--- Dataset content Enclosed Below ---

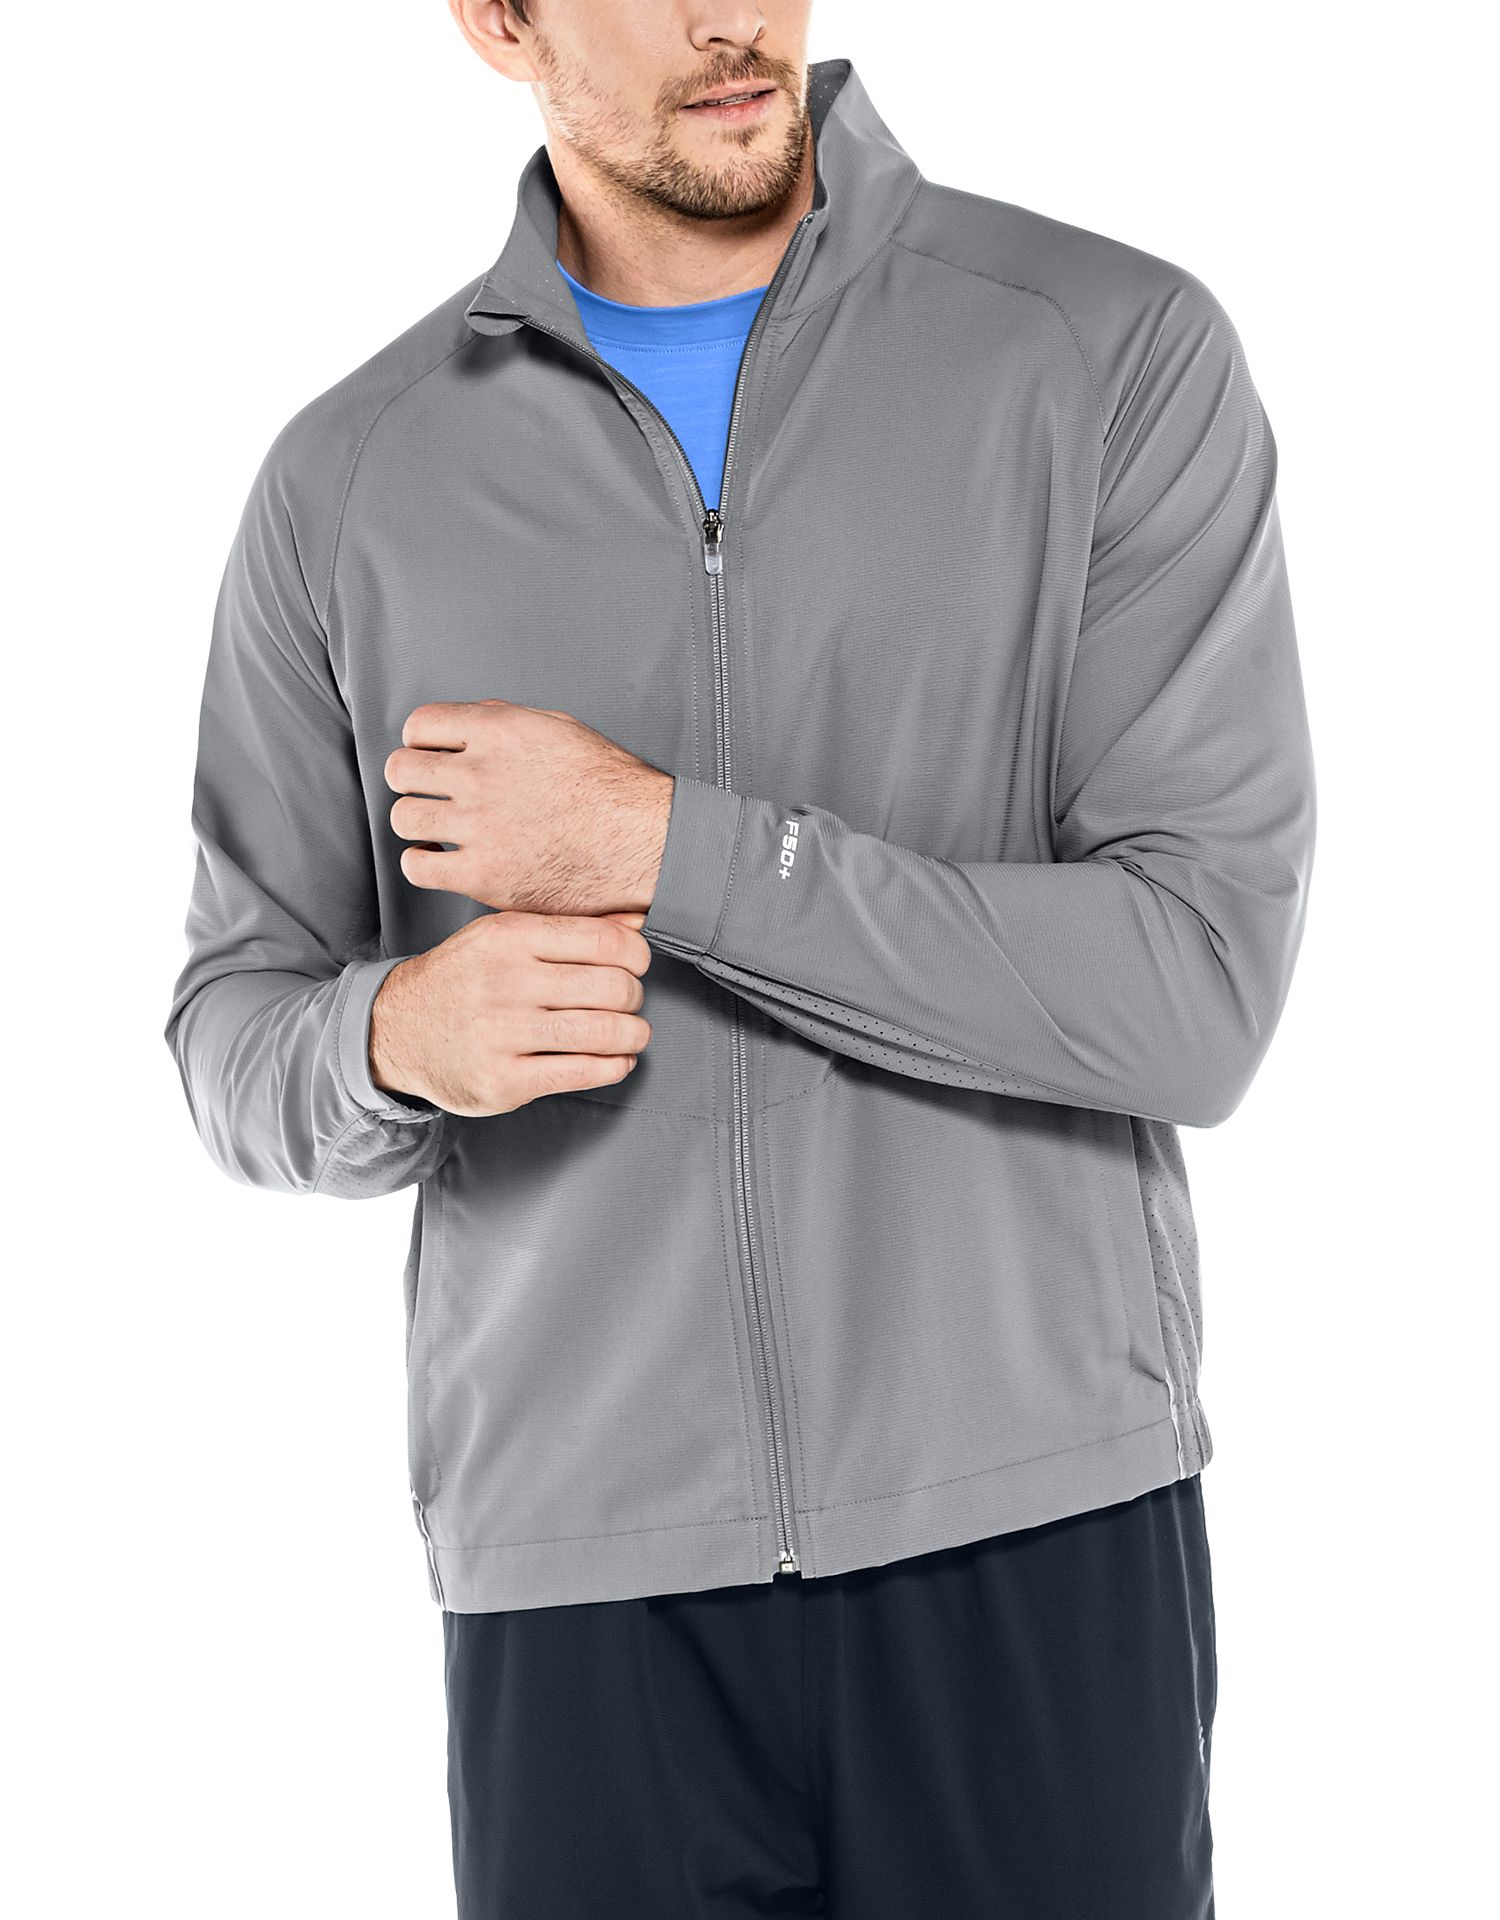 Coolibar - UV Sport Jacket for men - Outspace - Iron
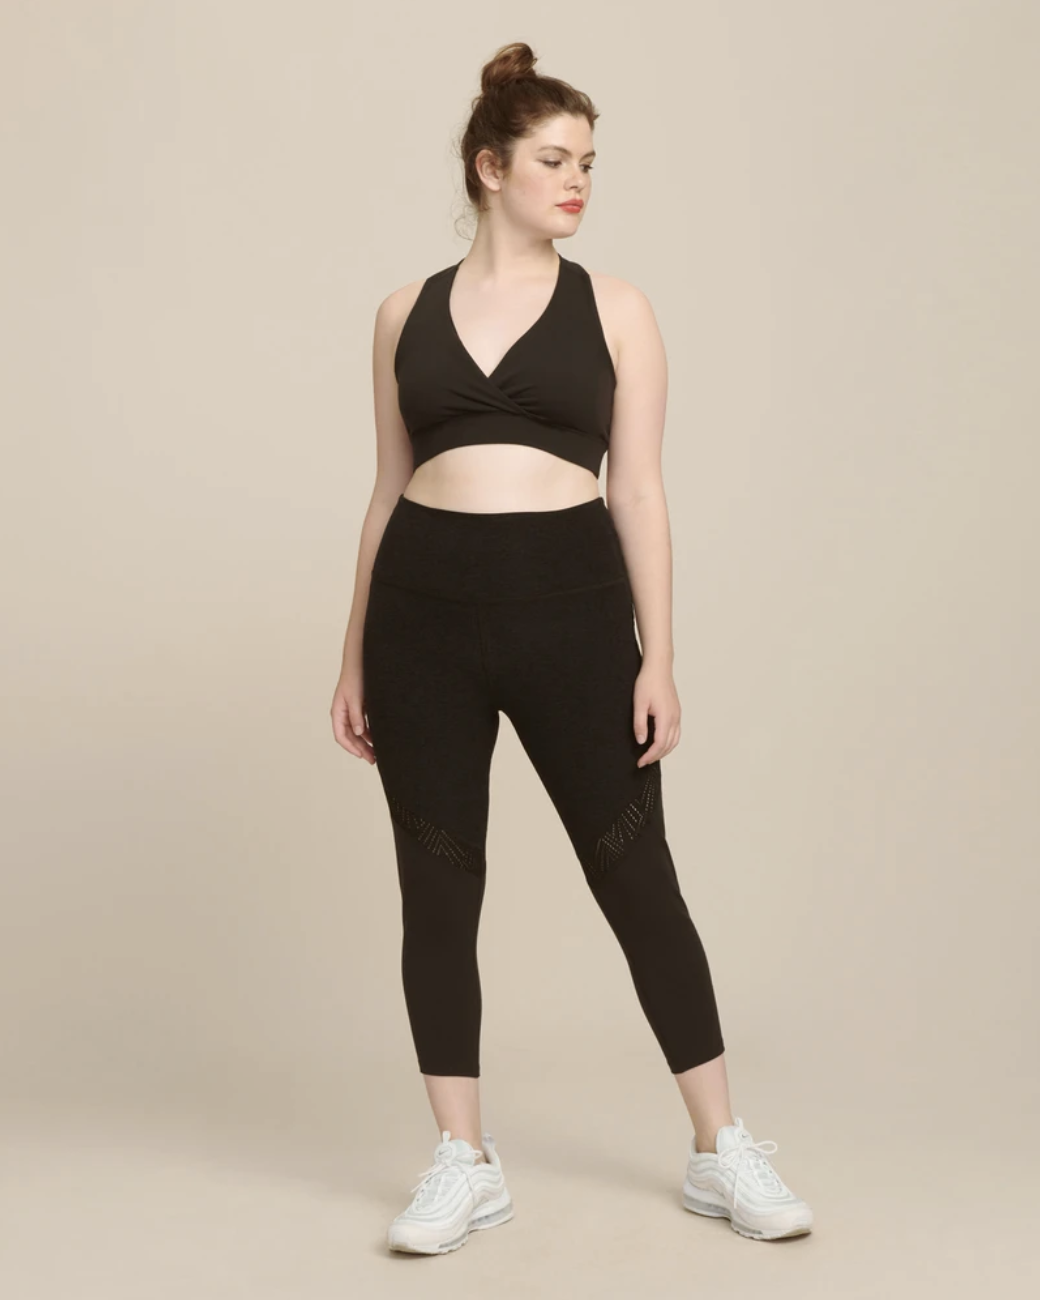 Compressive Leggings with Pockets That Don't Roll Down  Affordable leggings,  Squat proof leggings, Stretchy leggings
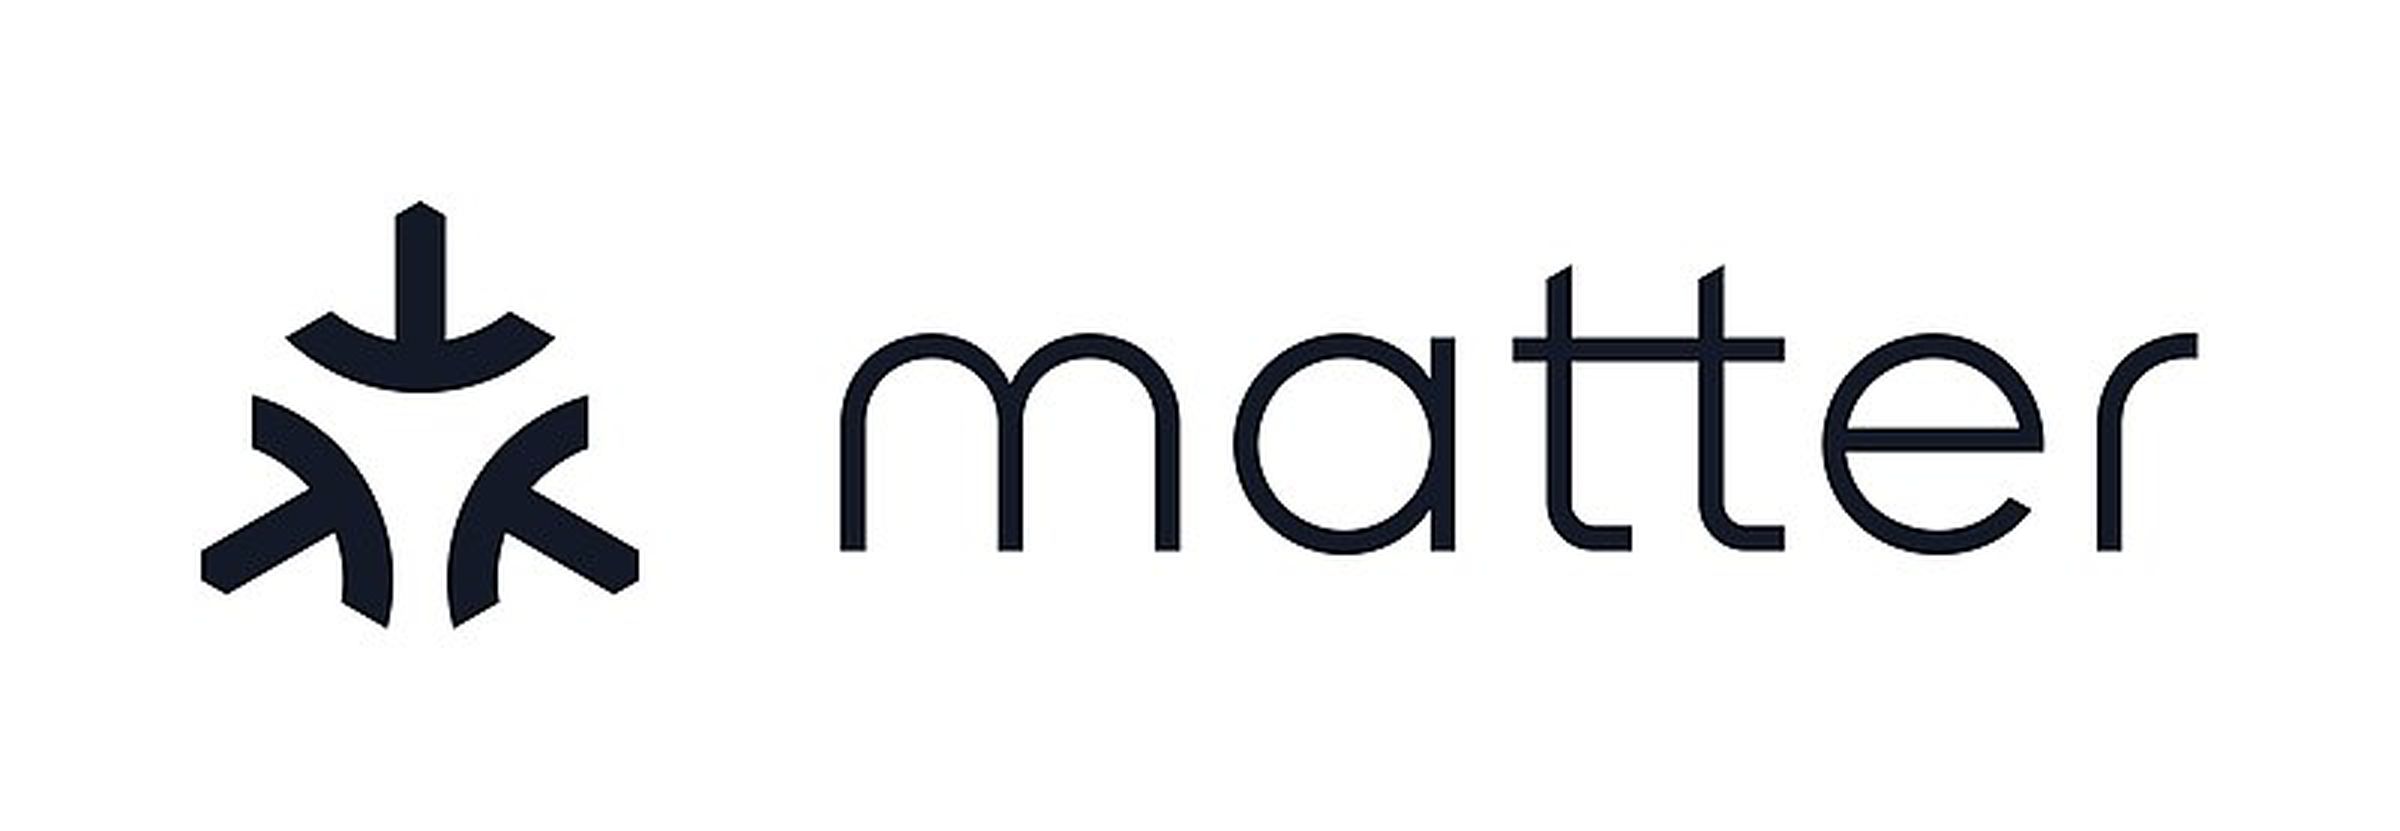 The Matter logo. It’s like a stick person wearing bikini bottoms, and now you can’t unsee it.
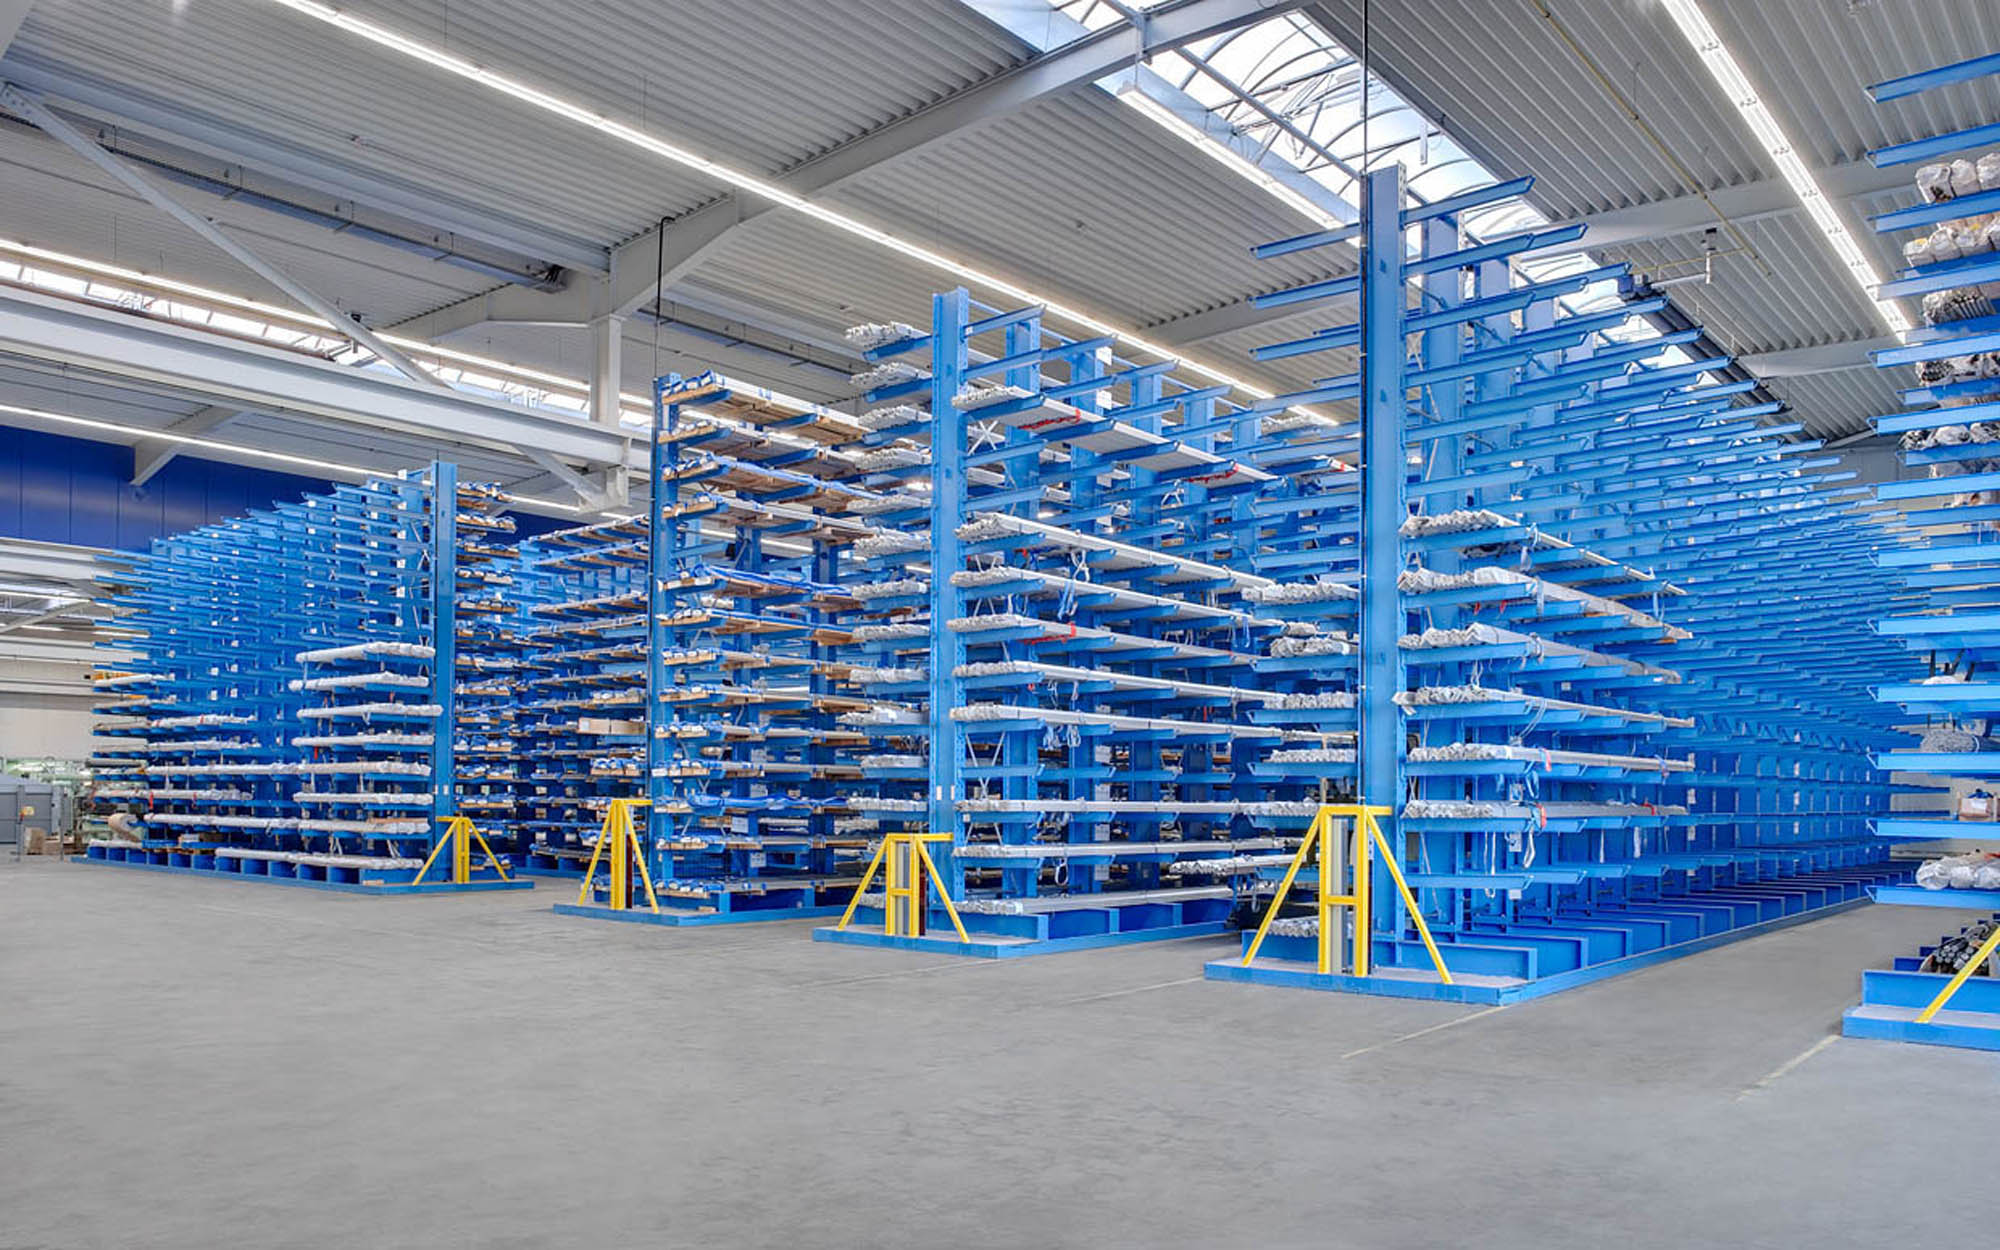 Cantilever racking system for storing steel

--- End of Enclosed Dataset content ---

» Brief
Return exactly the lines starting at the line with "Compressive Leggings with" and ending at the last line of the listing, both ends included; pictures are to be left out.

» Answer space
 Compressive Leggings with Pockets That Don't Roll Down  Affordable leggings,  Squat proof leggings, Stretchy leggings
 The Matter logo. It’s like a stick person wearing bikini bottoms, and now you can’t unsee it.
 Cantilever racking system for storing steel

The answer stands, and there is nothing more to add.